Everyone has calls that, for some reason or another, they cant shake. Ive had plenty of them. Usually they go away after a few days. Sometimes they dont. Its one of the biggest reasons for EMS "burnout". It causes family (*read marital*) problems, health problems, addiction, depression and other problems associated with emergency work. But it becomes a BIG problem when, like said above, you let it interfere with your life...  Do your friends, your family and YOURSELF a favor, go talk with someone...


----------



## appleguy (Apr 11, 2011)

Thanks for all the great responses. You guys are right, it seems the longer I keep it suppressed, the more it interferes with me. I'll be making some phone calls after work today to see if I can find the right person to talk to. 

Veneficus - you hit on something. It's not the injuries that get me, it was the distress of the family and overwhelming pity for the guy. He was the same age as me (22) and from what I gathered at the scene he seemed like a really good person. I'm a caring and compassionate person by nature, I was just taken off guard with how much this has stuck with me.


----------



## systemet (Apr 11, 2011)

Not every day will be like that.  It's ok to have difficulty handling something like that.  It's a situation most people in first world countries will never encounter in their entire lives.  

Having trouble dealing with a difficult call is normal.  It's not something to be ashamed of, and it doesn't mean that you're a bad EMT, or that you aren't cut out for EMS.  It does mean you have to find some coping mechanisms, either through contacting a professional, as others have suggested, or finding friends and / or colleagues you can talk to.  

For what it's worth one of the better people I had to talk with was a good friend who was had worked in health care and had seen some horrifying situations in former Yugoslavia in the early 1990s.  For me, sometimes hearing about something worse puts things in perspective better.

On a tangent, I think sometimes it's almost worse to encounter a horrible situation and feel nothing.  You wonder if you've given up a little bit of your humanity in order to make a paycheque.


----------



## Veneficus (Apr 11, 2011)

systemet said:


> For what it's worth one of the better people I had to talk with was a good friend who was had worked in health care and had seen some horrifying situations in former Yugoslavia in the early 1990s.  For me, sometimes hearing about something worse puts things in perspective better.

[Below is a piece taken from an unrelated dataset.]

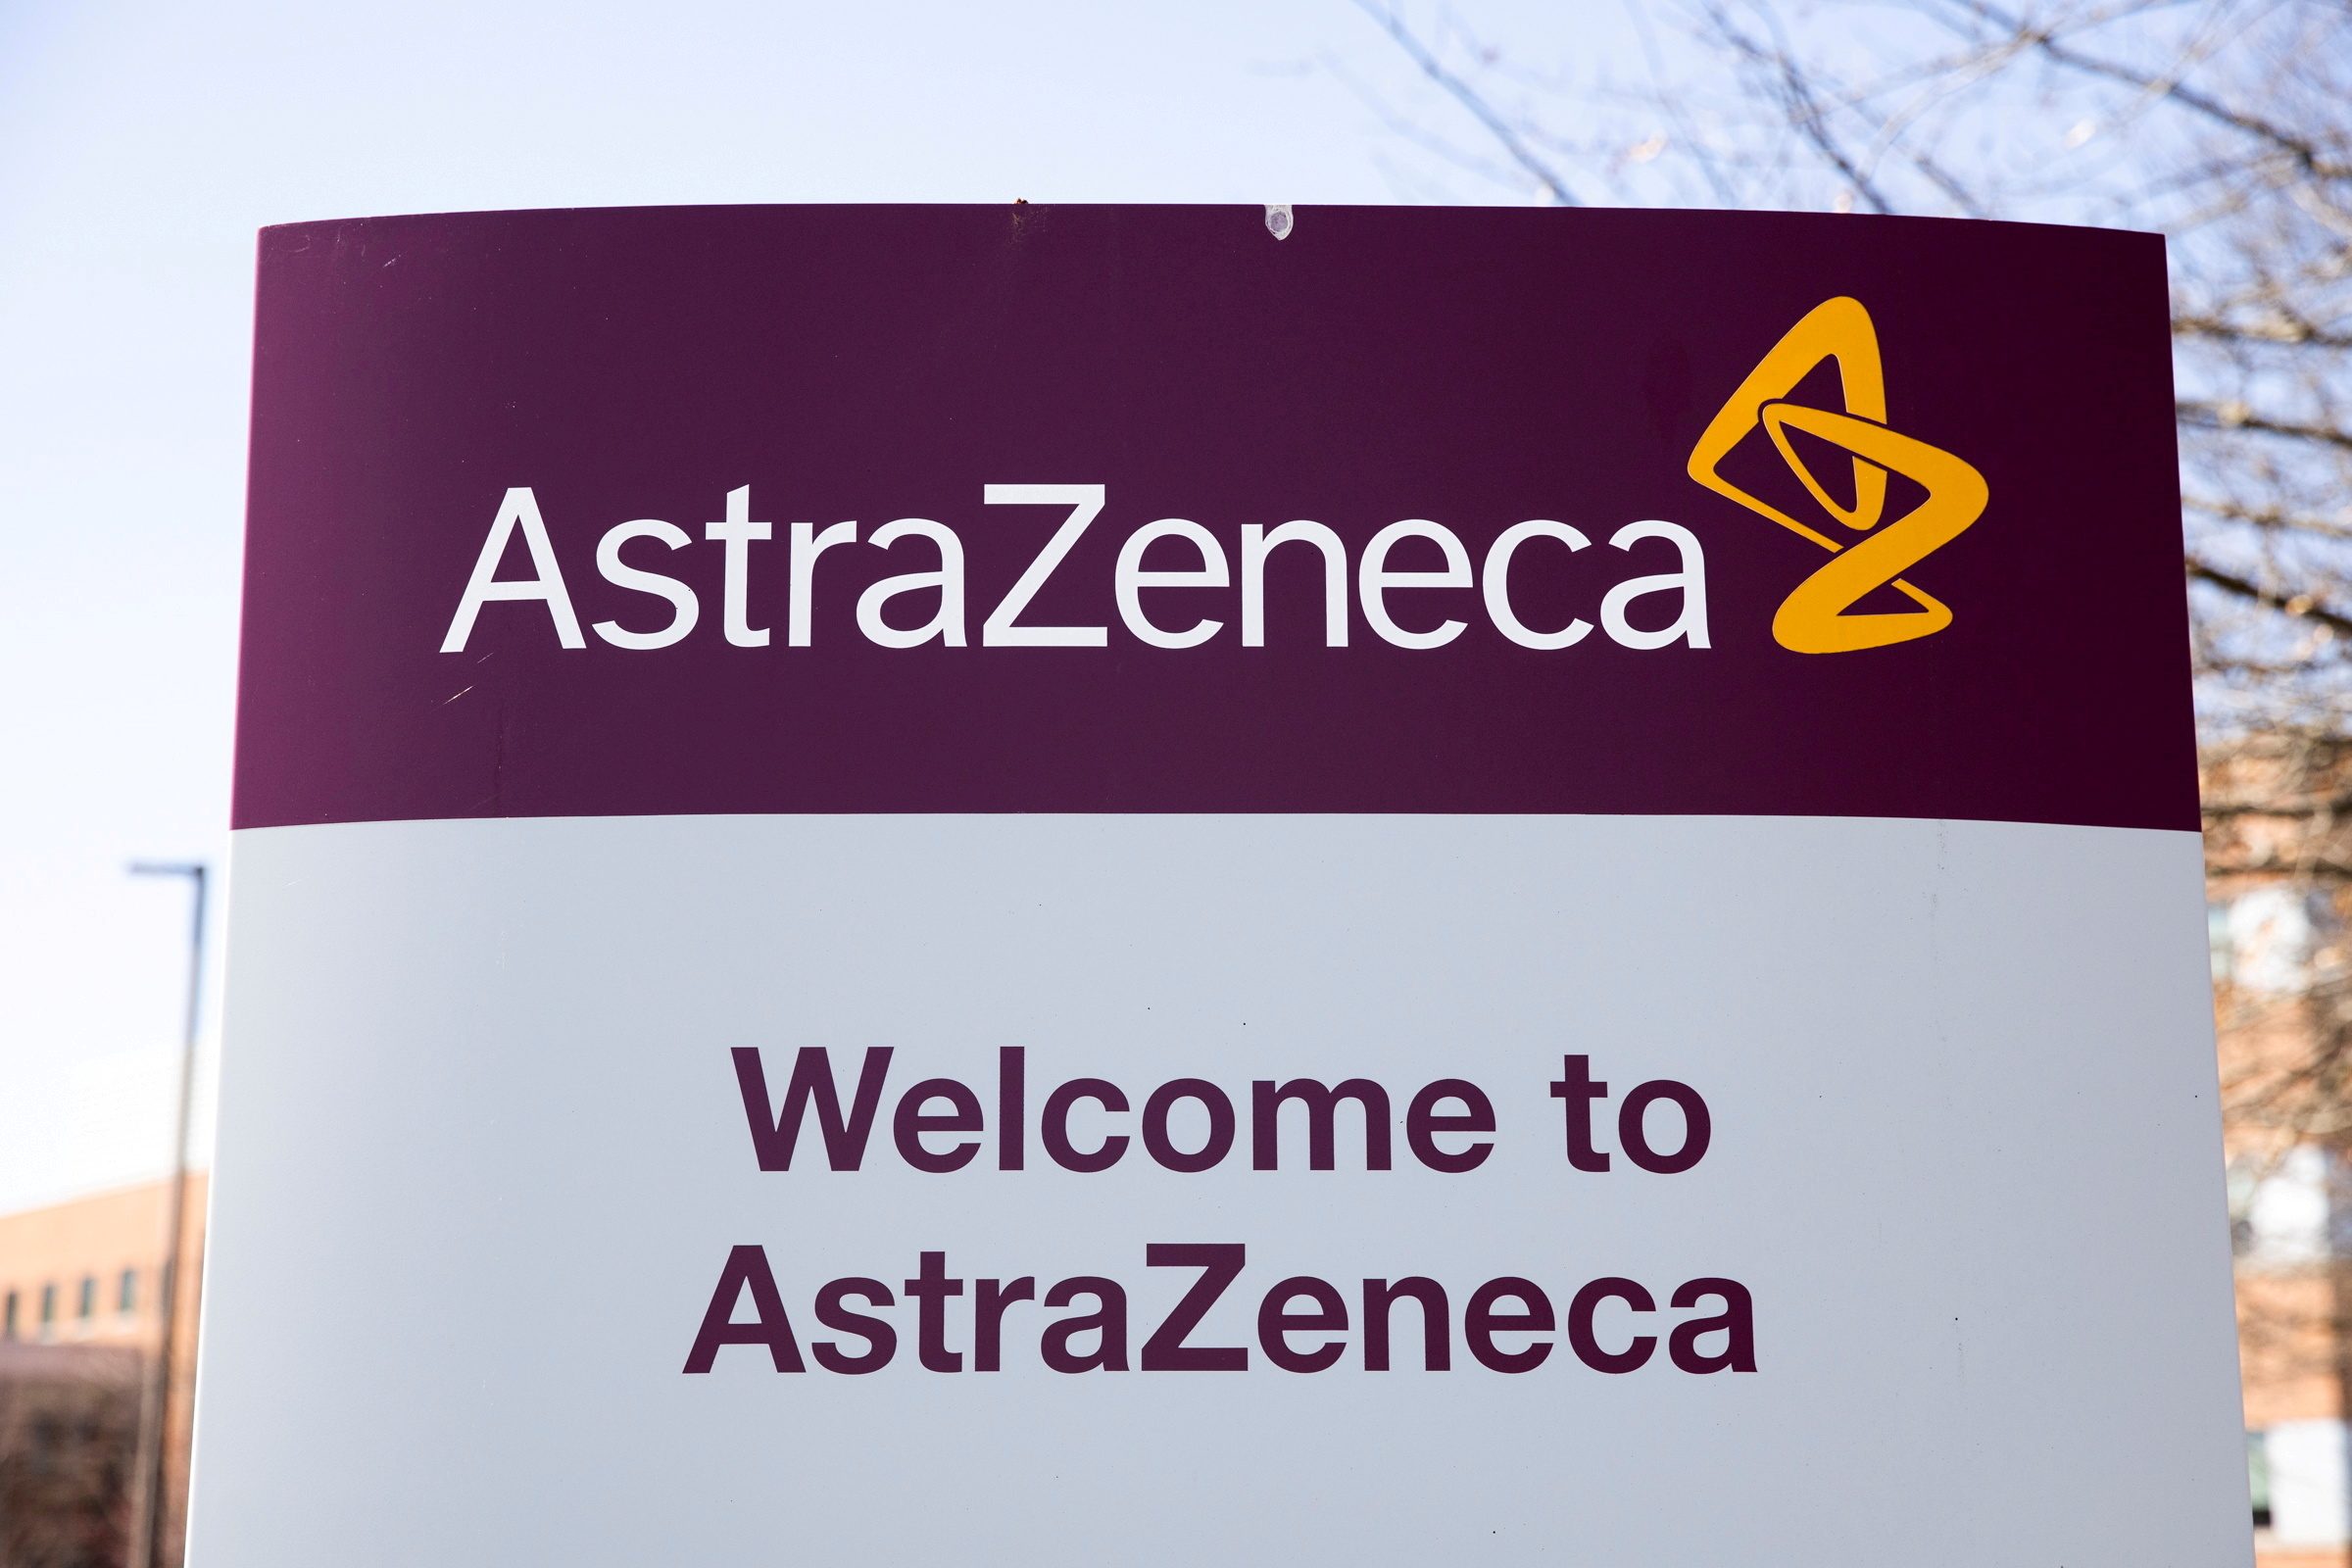 AstraZeneca drug cocktail succeeds in late-stage study to treat COVID-19
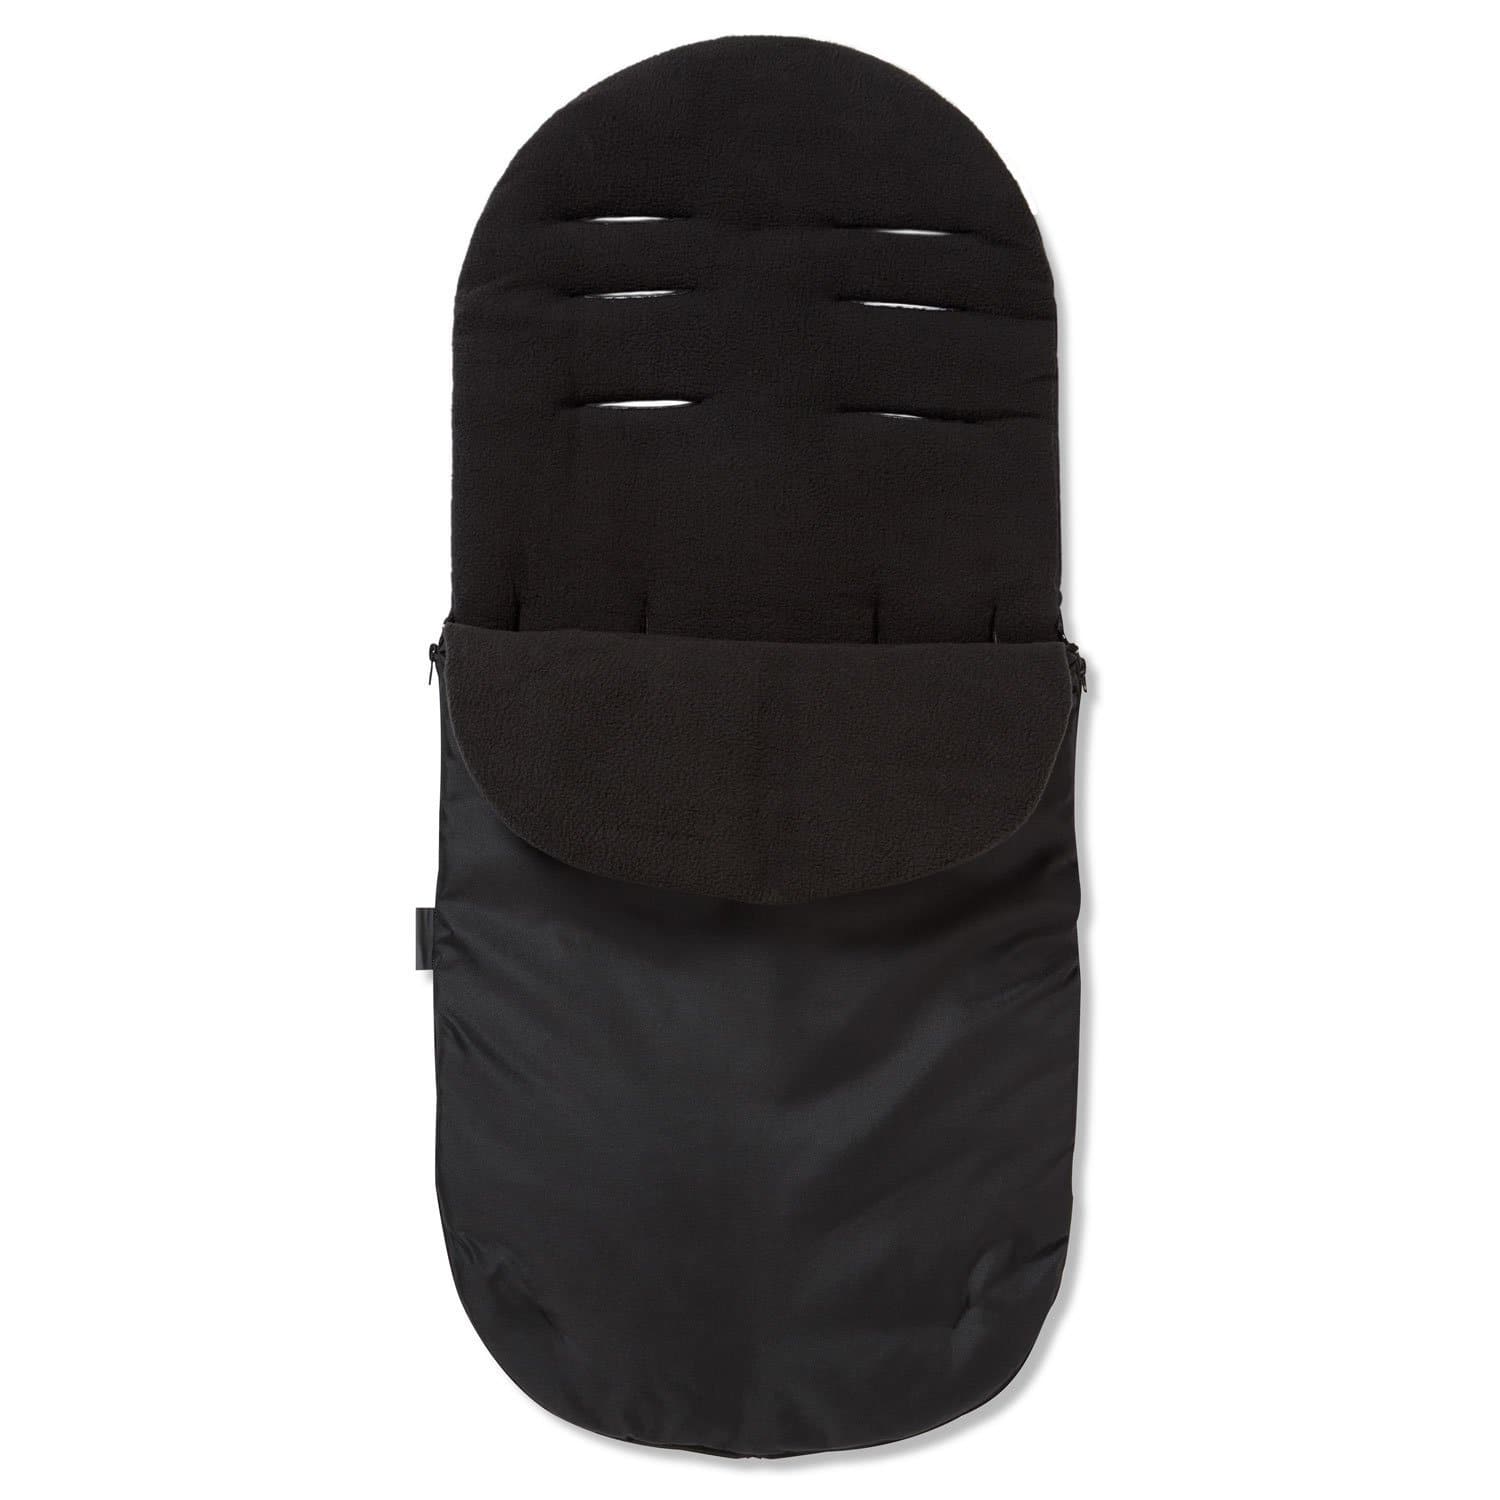 Footmuff / Cosy Toes Compatible with Maxi Cosi - Black / Fits All Models | For Your Little One

I have traveled far and been around a while.

I maintain the worst thing in medicine is not an illness or an injury, it is man's inhumanity to man.

The worst of my experiences I share with nobody.


----------



## abckidsmom (Apr 11, 2011)

appleguy said:


> Thanks for all the great responses. You guys are right, it seems the longer I keep it suppressed, the more it interferes with me. I'll be making some phone calls after work today to see if I can find the right person to talk to.
> 
> Veneficus - you hit on something. It's not the injuries that get me, it was the distress of the family and overwhelming pity for the guy. He was the same age as me (22) and from what I gathered at the scene he seemed like a really good person. I'm a caring and compassionate person by nature, I was just taken off guard with how much this has stuck with me.



It is the hardest spot to be in, looking at yourself laying there.  

Even the Great Master George Lucas knew that.  (lol) (Empire Strikes Back...swamps of Dagobah)

If it's really still bothering you this far out, you need to talk to a professional.  I have had several instances like that, where I could completely see myself in the position of the patient or the family members, whose lives are permanently altered because of a random event.  You will not forget this guy, or the looks on everyone's faces, but the sharpness of it all will fade with time.

I don't think at all that this means this career is not for you.  That was a shocking first day, and even if all you had was routine calls, they would have stuck with you for a long time.  Find someone to talk this out with...then re-evaluate.  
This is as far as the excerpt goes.